Tuesday 15 May 2012

Thanks for your comments

Two posts in one day, that's a first. I was inspired by George who left a comment. Thanks for that, and thanks too for other comments.  There are so many ways to look at the market and if you don't look for alternative ways of interpreting what is happening you get nowhere. I personally am not convinced that there is a cabal manipulating the market. I make a deliberate effort not to listen or read market commentaries in newspapers because they sensationalise everything. Their priority is selling their rags. They also have a way of being knowledgeable but only after the event. I try to look forward.

Back to the cabal that George suspects is running the show. I do think the market is being moved by people with far more money than sense. Governments have pumped banks full of cash. As we know, this has not been lent out to businesses. Instead it has found its way, one way or another, into asset markets especially stock markets. This has pumped up the price of shares to unreasonable levels. For me this is a disaster because I am good at finding bargains, pointless if the market as a whole is poised on the edge of a precipice. Eventually the easy money will run out and there will be a drought of buyers. Then some piece of bad news will cause a panic and sellers will suddenly appear. This will be the tipping point. All those hungry buyers will see paper losses mounting on their books and they will add fuel to a selling frenzy. The ones that bought low will be OK but the ones that came in late will have trouble repaying their debts. We just hope that the banks that lent them the money will be able to cope.

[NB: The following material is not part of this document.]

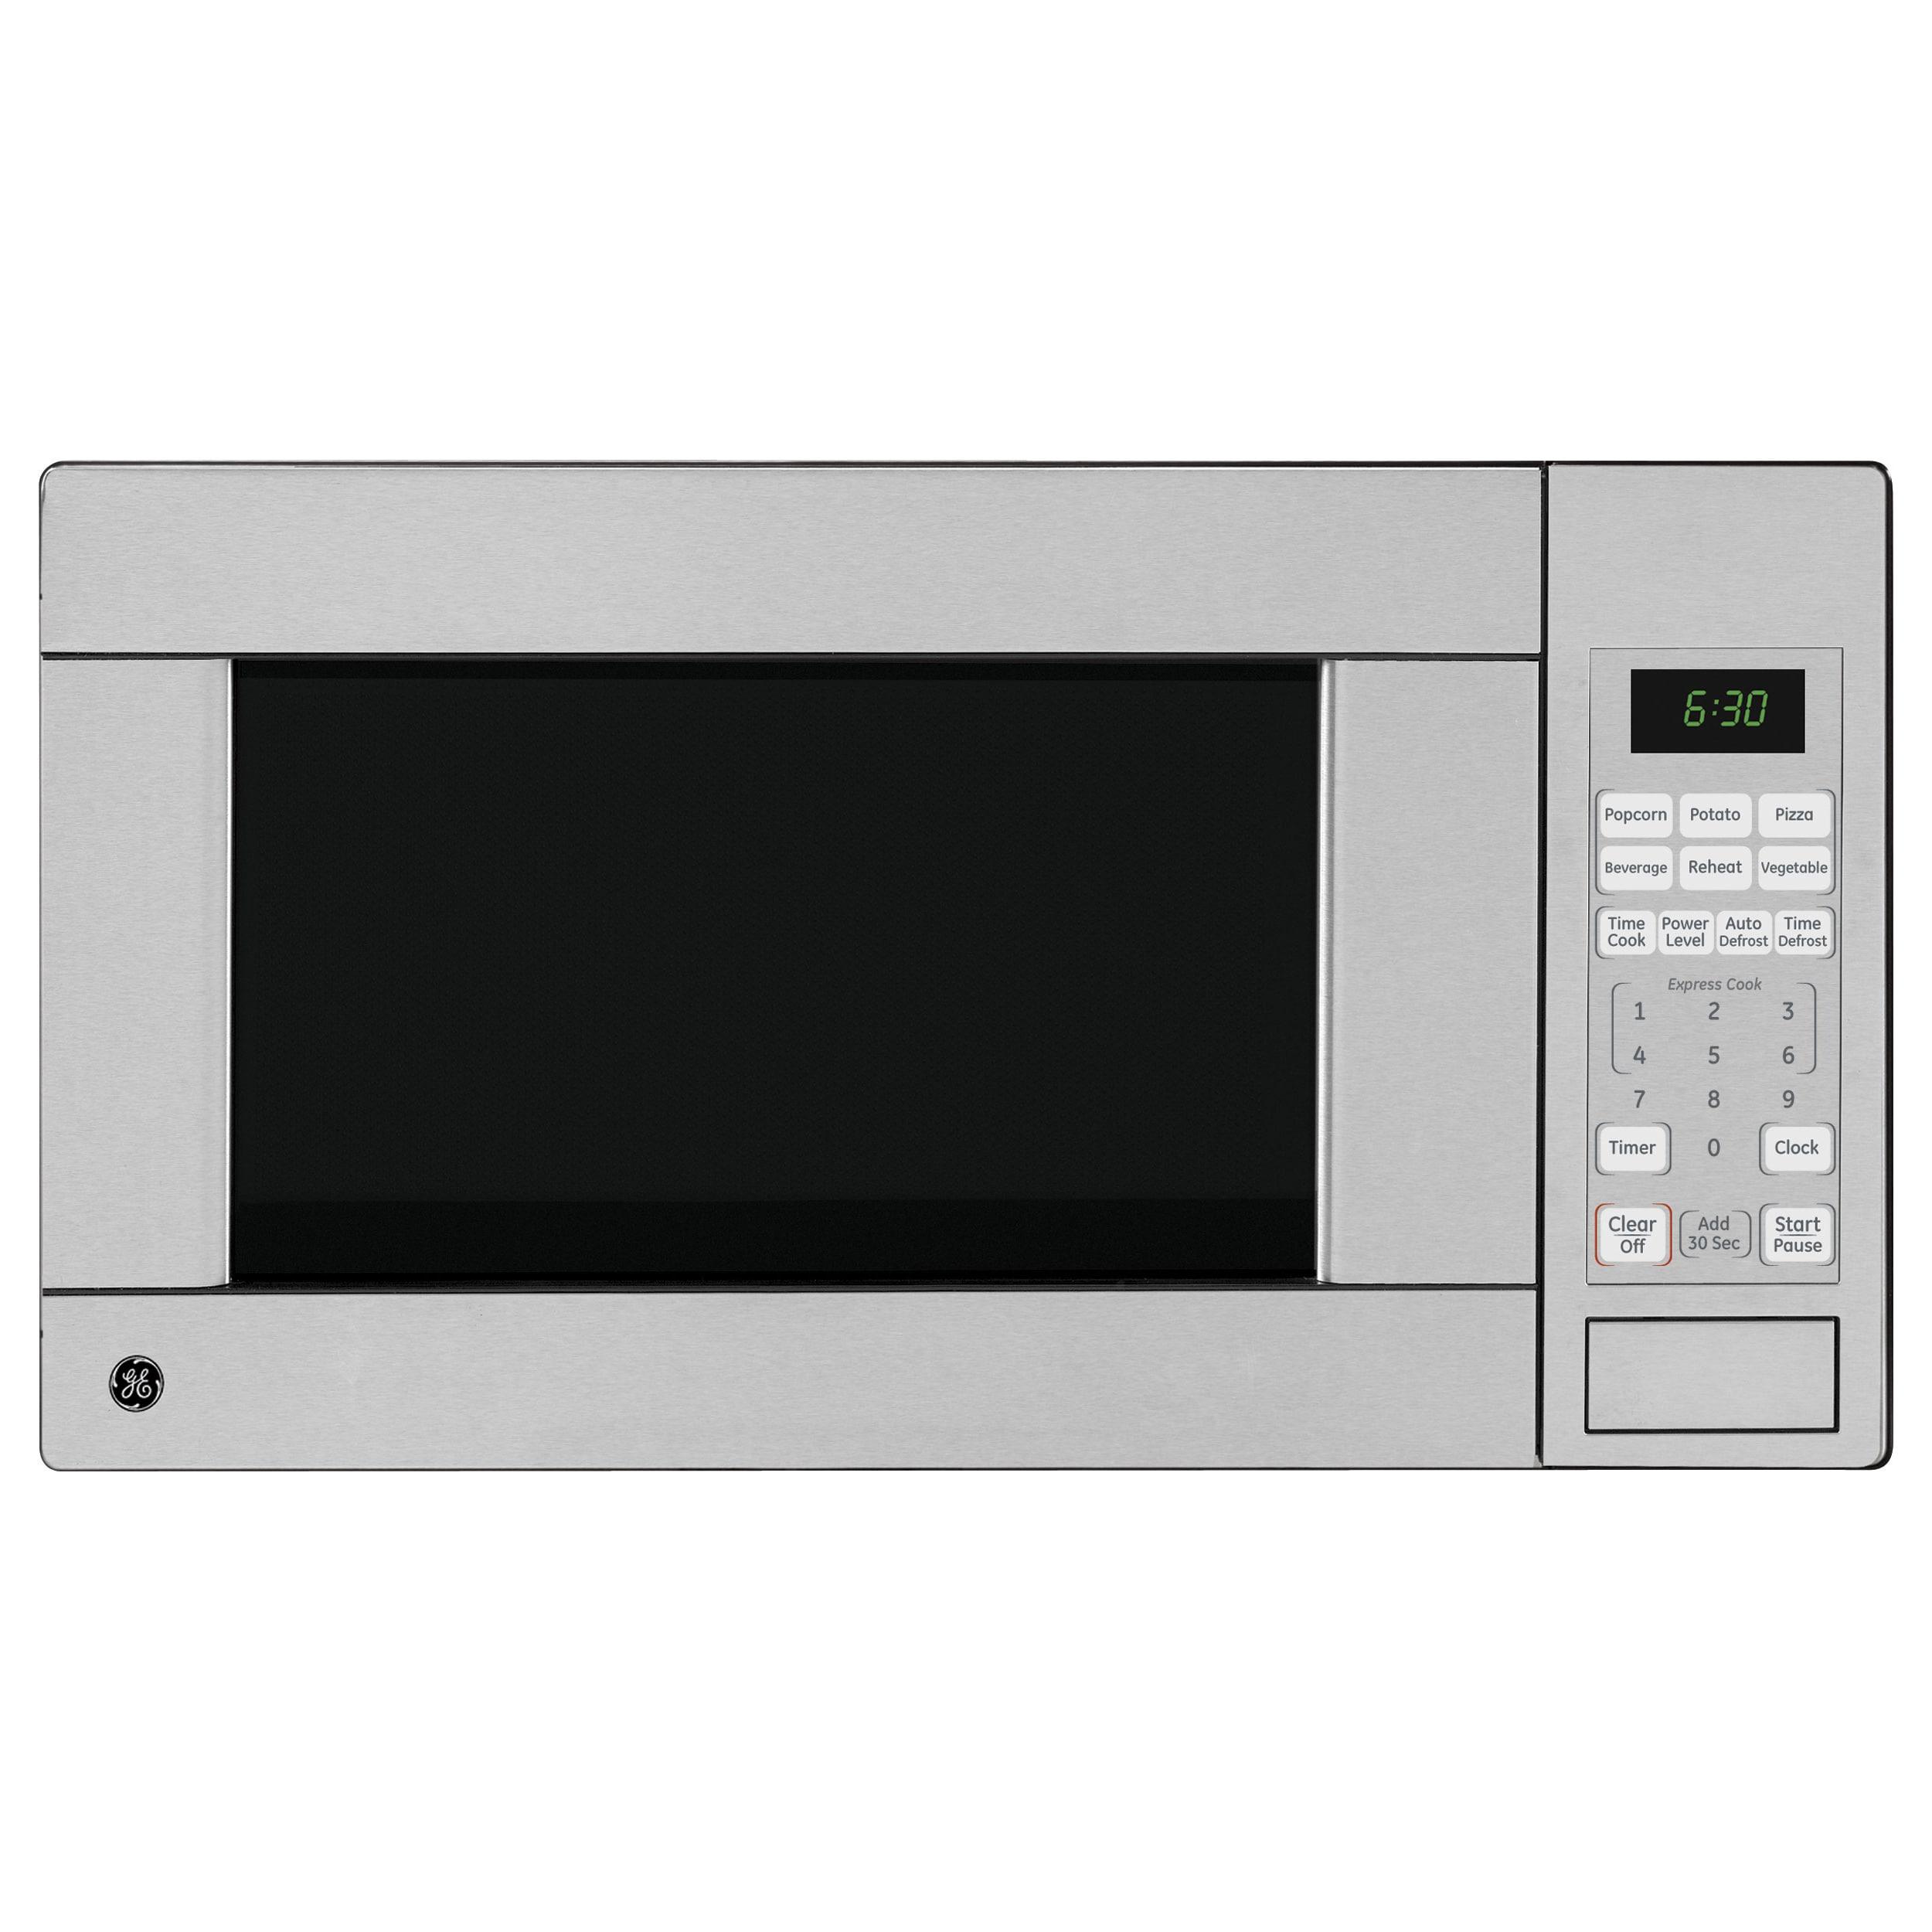 Countertop Microwave Ge : ge countertop microwave oven ge countertop microwave oven model ...

Unless there is Armageddon, those of us sitting on cash will be able to hunt for bargains again.

But going back to present problems the bulls are still out there, holding on and pushing the market back up. Yesterday's Greek story is forgotten. You're not allowed to wrap your fish and chips in yesterday's news any more. Now that really was recycling.

I appreciate David's comment from the last post too. I agree that going short is part of a good strategy, it's just that I don't do it very well. I don't buy soon enough and I am frightened out of my positions by rallies so I miss the next move down. I do it using ETFs. Do you have a better way David?

So here we are with the US market nudging the support, now resistance level. We just have to wait to see how strong those bulls out there are. My money stays, albeit hesitantly, on the short side.